Not so surprising, really, considering how many butchered bodies she'd stood over in otherwise lovely coastal cities.
This time, Riley didn't wait for the killer to strike. She didn't just drift into Mobile and blend in, vanish into anonymity while allowing her senses time to adjust, which had been the game plan up to that point.
After New Orleans, waiting patiently was somewhat beyond Riley. Whether because this particular killer had thrown a gauntlet at her feet professionally or because she felt personally violated, the fact remained that she was certain he had somehow managed to touch her mind more surely than she had touched his.
And that, to Riley, was a hell of a strong motivation to get this case resolved and this killer behind bars ASAP.
So, despite Bishop's warnings, despite her own uneasy misgivings, she used every trick of concentration and focus she had learned in her life to begin trying to connect the moment she hit town.
It wasn't the way her abilities were supposed to work, really. She had connected with other minds before; Bishop said her secondary or ancillary ability was telepathy, and being a telepath himself, he'd know. But generally speaking, telepathy was barely a blip on her personal radar, and her clairvoyance took the form of picking up bits of information from her surroundings or from other people. Touching objects or people tended to make it easier, but not always. Sometimes she got absolutely nothing. And on a few memorable occasions she had been slammed by a "dump" of information that had left her mentally disoriented and physically exhausted-a truly disconcerting experience she was wary of repeating but had no way of controlling or predicting.

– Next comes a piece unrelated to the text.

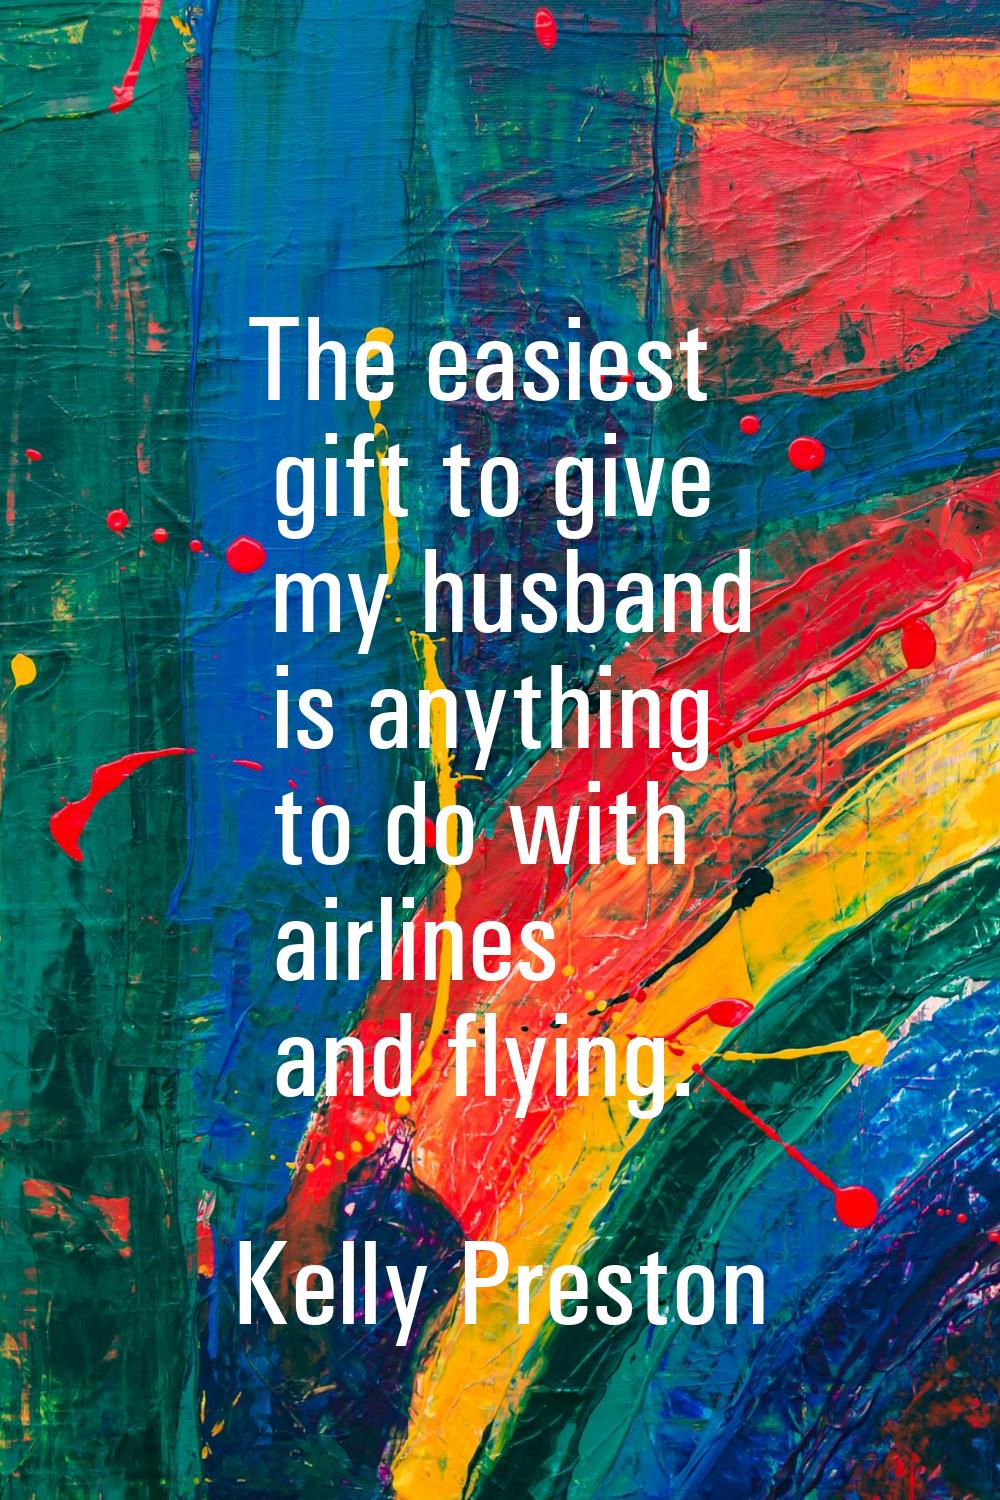 The easiest gift to give my husband is anything to do with airlines and flying.

Cosmic irony, that. A not-so-gentle reminder from the universe that the gifts given never came without strings.
In any case, her own "gifts" tended to be far more benign than those many psychics experienced. No pain, no disorientation, no visions yanking her from the here and now. Mostly, she just became aware of something rising in her mind, bobbing about to attract her notice, like flotsam on a wave. A fact, a feeling, a certainty.
Reaching beyond that, opening herself deliberately to contact from a dark and twisted killer, was a move as risky as it was unprecedented, at least where she was concerned.
She wasn't even sure how to do it other than to focus, concentrate, think about this butcher and how badly she wanted to stop him-
Welcome to Mobile, little girl.
Riley stopped in her tracks. She stood on a side street in downtown Mobile, near a well-lighted corner where people passed on foot and in cars on a typical weeknight like this.
They went about their business, oblivious, as Riley put out a hand to the building beside her, steadying herself not so much physically as emotionally.